_WORK ITEM_: Set down, word for word, every line of the material below from the one containing "camisa show da" through the one containing "ギャザー ロング ワンピース", but none of its pictures.

_DATA FOR THIS EXERCISE_:
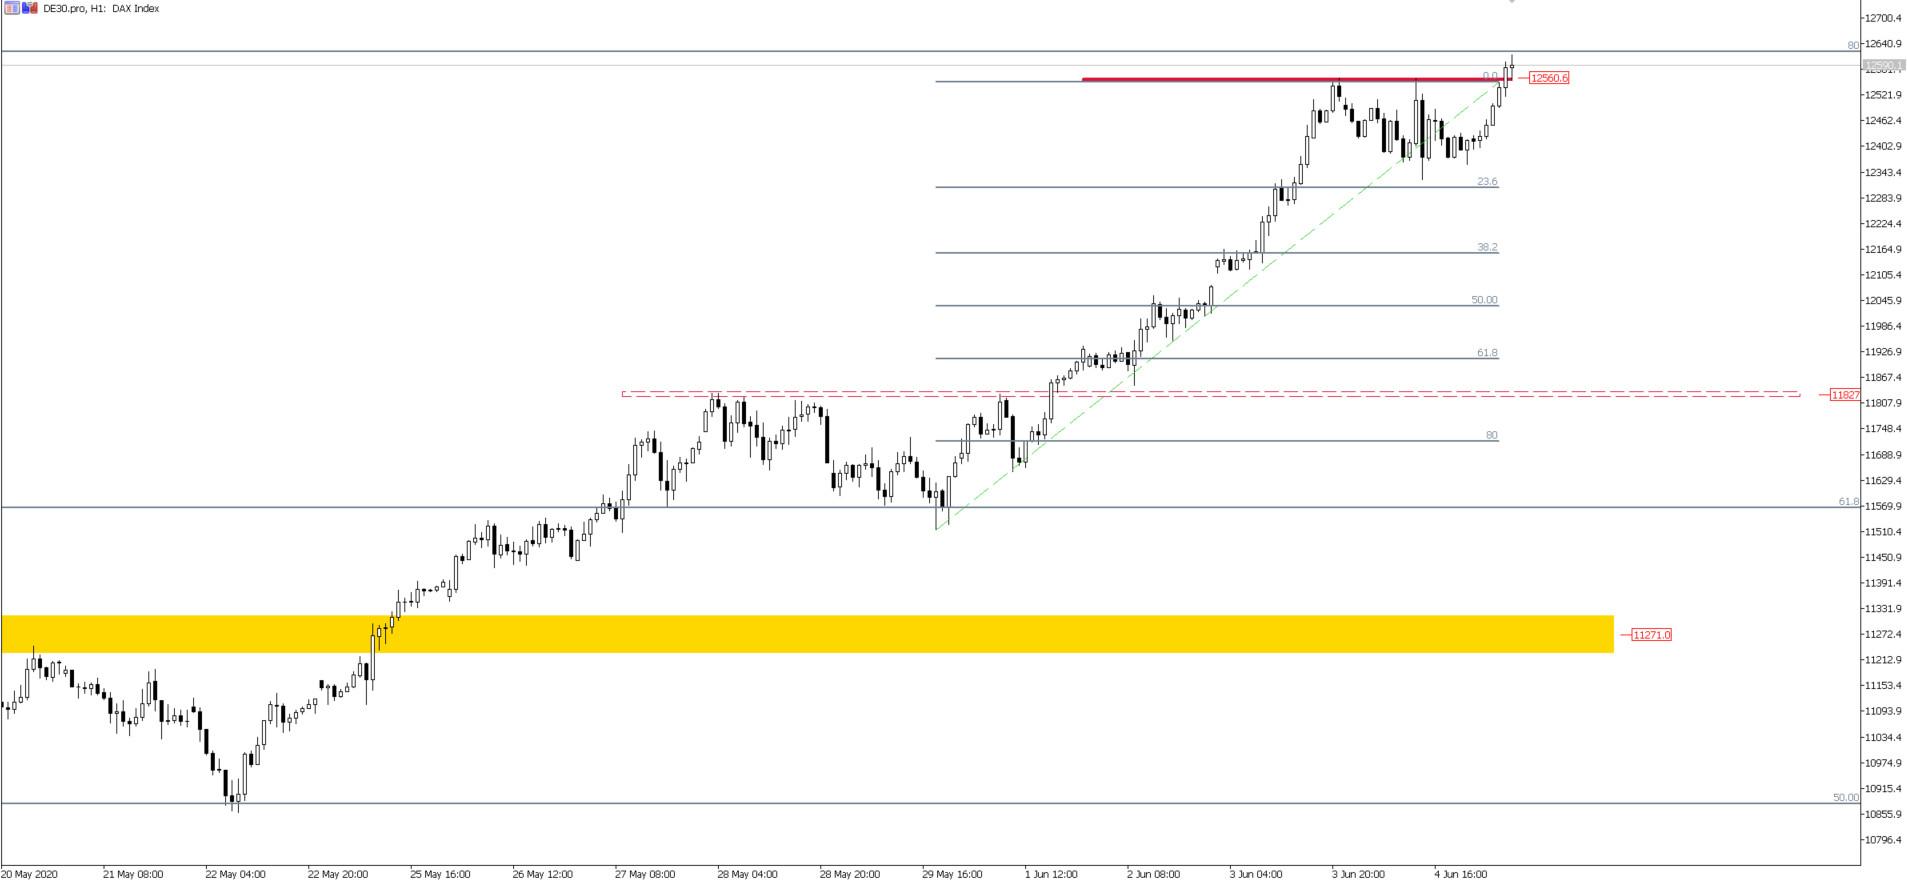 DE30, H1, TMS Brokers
* * *
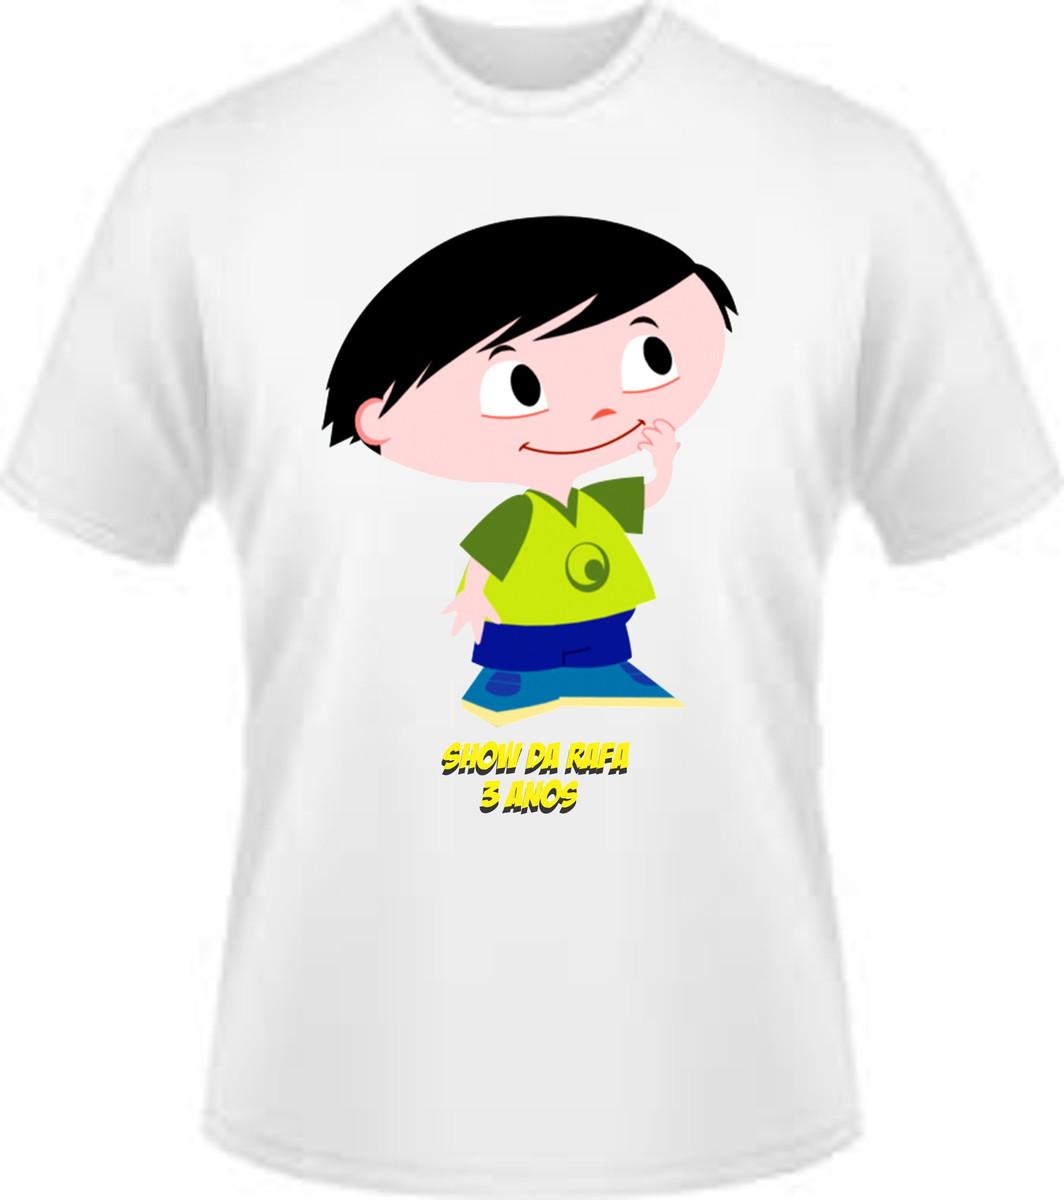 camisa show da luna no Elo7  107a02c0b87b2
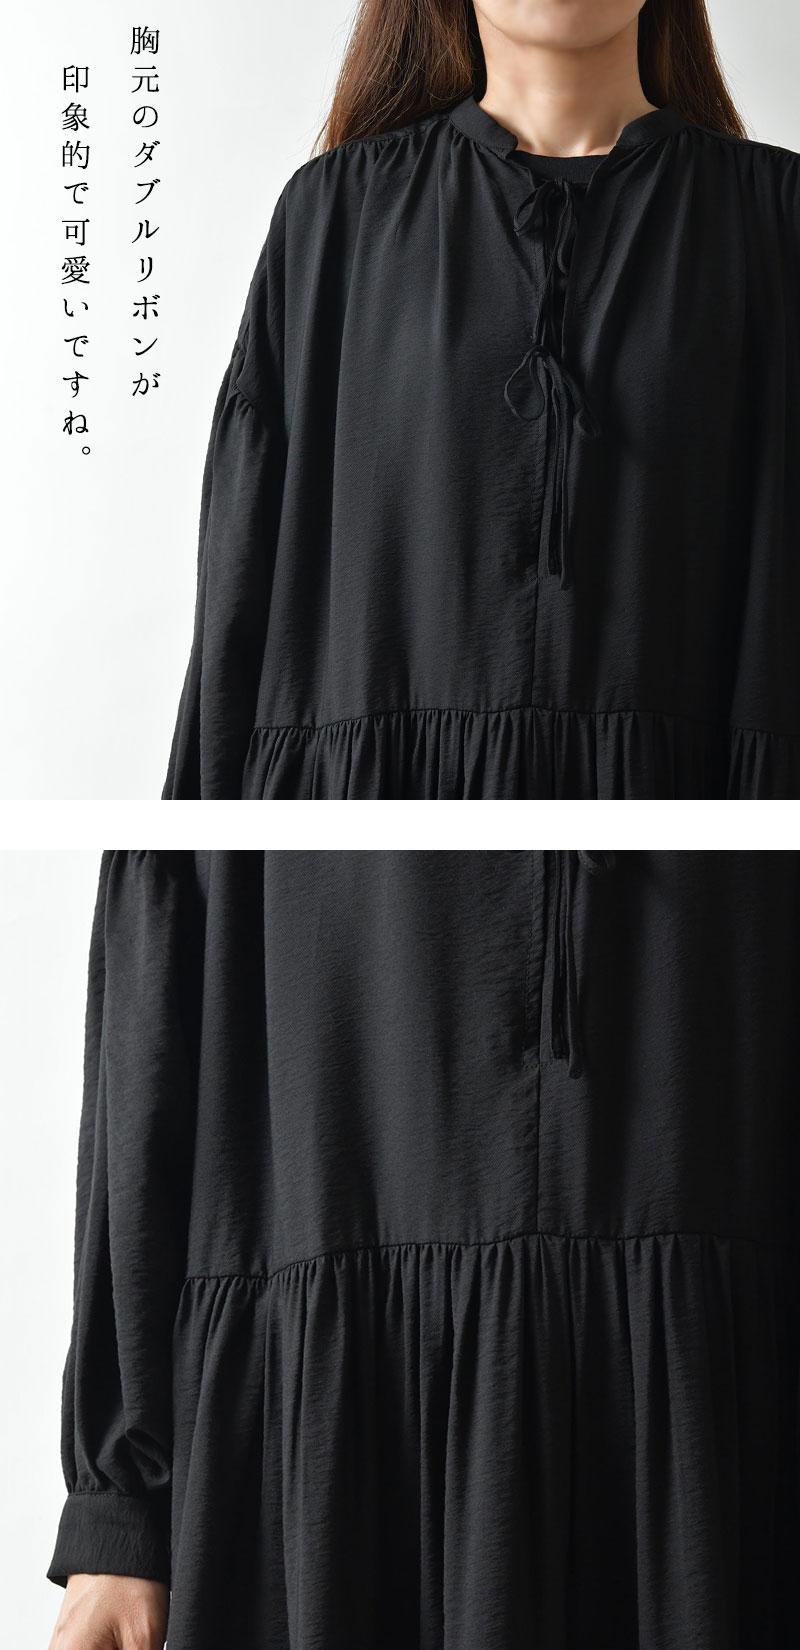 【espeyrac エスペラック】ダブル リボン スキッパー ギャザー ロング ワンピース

_RESPONSE BOX_:
 camisa show da luna no Elo7  107a02c0b87b2
 【espeyrac エスペラック】ダブル リボン スキッパー ギャザー ロング ワンピース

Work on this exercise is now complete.